(Beginning of THE RECORDS)

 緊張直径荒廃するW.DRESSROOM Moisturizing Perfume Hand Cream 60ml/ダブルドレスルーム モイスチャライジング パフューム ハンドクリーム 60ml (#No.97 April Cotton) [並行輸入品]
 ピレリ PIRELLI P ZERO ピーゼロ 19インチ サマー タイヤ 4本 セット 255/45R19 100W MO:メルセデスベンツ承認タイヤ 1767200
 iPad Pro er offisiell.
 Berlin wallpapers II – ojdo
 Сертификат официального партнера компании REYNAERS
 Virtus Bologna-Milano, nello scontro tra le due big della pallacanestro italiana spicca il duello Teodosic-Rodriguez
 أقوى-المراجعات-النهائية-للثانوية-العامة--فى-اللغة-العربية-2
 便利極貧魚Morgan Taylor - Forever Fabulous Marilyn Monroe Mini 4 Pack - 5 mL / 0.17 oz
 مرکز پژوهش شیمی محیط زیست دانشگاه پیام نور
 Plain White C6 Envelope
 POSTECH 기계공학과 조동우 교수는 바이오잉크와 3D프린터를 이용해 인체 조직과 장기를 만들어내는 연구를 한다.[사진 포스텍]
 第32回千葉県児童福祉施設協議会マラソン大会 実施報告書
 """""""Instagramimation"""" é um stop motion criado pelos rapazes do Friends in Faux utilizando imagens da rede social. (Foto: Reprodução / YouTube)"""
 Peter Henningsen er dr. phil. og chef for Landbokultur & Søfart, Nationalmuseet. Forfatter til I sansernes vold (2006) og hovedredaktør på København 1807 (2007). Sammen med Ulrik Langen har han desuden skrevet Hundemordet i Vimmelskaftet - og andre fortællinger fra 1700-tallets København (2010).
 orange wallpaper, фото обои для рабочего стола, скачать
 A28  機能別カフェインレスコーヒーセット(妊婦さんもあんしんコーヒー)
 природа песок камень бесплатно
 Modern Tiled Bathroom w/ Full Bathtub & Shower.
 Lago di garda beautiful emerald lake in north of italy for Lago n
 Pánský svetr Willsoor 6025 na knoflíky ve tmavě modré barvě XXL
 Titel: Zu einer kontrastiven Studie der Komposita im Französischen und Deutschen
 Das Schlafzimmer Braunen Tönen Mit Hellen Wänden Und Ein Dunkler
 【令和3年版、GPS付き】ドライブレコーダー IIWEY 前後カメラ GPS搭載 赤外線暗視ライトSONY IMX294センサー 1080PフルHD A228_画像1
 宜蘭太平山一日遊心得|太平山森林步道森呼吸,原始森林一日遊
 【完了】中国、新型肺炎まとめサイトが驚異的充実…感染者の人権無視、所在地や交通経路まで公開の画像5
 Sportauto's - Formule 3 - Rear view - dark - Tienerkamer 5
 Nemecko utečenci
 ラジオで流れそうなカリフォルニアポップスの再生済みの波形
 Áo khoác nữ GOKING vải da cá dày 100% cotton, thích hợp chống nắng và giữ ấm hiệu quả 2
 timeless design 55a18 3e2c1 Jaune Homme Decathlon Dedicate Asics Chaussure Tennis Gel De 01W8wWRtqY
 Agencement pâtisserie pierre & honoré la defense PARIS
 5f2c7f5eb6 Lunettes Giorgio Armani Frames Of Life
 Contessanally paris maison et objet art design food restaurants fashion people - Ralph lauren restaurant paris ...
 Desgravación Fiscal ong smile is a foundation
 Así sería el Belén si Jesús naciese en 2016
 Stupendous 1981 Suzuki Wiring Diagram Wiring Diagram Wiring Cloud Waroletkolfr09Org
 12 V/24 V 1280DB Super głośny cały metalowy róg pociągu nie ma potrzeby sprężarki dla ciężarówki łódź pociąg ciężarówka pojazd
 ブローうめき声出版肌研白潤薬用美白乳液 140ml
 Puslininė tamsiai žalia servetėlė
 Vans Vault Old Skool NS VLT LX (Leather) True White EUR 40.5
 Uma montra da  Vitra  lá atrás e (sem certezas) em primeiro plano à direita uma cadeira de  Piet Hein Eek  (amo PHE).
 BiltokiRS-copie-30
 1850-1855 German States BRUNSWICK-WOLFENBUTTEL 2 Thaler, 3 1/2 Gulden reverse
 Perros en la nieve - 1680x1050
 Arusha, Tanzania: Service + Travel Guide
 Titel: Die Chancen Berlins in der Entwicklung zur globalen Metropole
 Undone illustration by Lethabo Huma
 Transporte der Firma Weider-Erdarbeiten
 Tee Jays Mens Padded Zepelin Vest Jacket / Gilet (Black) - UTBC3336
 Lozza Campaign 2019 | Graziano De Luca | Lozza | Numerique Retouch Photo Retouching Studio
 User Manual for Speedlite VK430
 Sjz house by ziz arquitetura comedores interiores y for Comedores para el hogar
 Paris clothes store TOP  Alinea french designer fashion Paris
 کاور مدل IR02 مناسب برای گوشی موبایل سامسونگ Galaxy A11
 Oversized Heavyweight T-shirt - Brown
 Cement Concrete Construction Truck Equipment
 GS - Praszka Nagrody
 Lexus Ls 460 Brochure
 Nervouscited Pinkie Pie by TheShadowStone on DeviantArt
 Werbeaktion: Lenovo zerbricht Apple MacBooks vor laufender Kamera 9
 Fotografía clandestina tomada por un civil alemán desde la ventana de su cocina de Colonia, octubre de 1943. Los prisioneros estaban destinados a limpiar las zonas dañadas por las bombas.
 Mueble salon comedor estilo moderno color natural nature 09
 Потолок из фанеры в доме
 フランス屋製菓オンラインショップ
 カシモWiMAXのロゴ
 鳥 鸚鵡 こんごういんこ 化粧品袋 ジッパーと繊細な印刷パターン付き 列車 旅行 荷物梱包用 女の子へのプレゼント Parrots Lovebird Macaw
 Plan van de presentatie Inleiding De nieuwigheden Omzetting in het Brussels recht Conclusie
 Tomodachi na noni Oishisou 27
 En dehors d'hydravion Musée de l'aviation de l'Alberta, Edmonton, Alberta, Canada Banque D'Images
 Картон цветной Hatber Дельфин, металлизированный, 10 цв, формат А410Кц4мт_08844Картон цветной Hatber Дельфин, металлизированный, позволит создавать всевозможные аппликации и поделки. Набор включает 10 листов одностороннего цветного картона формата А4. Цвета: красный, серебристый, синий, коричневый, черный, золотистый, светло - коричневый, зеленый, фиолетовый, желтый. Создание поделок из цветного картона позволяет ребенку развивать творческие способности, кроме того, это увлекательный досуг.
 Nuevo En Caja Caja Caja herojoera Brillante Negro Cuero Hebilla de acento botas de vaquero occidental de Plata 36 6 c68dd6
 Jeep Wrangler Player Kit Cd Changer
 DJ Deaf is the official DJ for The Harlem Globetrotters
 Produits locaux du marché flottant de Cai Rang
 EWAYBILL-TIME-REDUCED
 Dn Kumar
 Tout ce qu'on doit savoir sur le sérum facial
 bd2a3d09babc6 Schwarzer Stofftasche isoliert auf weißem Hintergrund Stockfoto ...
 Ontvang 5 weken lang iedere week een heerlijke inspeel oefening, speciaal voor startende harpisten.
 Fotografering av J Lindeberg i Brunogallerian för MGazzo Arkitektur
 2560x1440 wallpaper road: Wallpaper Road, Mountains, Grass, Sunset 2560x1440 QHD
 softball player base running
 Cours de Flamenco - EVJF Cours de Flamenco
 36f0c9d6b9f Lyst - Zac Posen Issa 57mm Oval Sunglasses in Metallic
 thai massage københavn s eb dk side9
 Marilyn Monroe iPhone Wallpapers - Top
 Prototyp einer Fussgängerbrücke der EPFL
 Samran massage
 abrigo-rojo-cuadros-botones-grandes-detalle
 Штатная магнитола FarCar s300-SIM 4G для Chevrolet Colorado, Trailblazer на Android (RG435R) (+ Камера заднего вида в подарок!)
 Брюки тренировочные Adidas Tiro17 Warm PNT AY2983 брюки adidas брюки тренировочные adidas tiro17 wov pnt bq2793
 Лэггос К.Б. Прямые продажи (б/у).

(End of THE RECORDS)

** WHAT IS EXPECTED **
Using the data above, print exactly the lines from the line that contains "Mueble salon comedor" through the line that contains "Картон цветной Hatber Дельфин, металлизированный, 10", with both included.

** FINAL ANSWER **
 Mueble salon comedor estilo moderno color natural nature 09
 Потолок из фанеры в доме
 フランス屋製菓オンラインショップ
 カシモWiMAXのロゴ
 鳥 鸚鵡 こんごういんこ 化粧品袋 ジッパーと繊細な印刷パターン付き 列車 旅行 荷物梱包用 女の子へのプレゼント Parrots Lovebird Macaw
 Plan van de presentatie Inleiding De nieuwigheden Omzetting in het Brussels recht Conclusie
 Tomodachi na noni Oishisou 27
 En dehors d'hydravion Musée de l'aviation de l'Alberta, Edmonton, Alberta, Canada Banque D'Images
 Картон цветной Hatber Дельфин, металлизированный, 10 цв, формат А410Кц4мт_08844Картон цветной Hatber Дельфин, металлизированный, позволит создавать всевозможные аппликации и поделки. Набор включает 10 листов одностороннего цветного картона формата А4. Цвета: красный, серебристый, синий, коричневый, черный, золотистый, светло - коричневый, зеленый, фиолетовый, желтый. Создание поделок из цветного картона позволяет ребенку развивать творческие способности, кроме того, это увлекательный досуг.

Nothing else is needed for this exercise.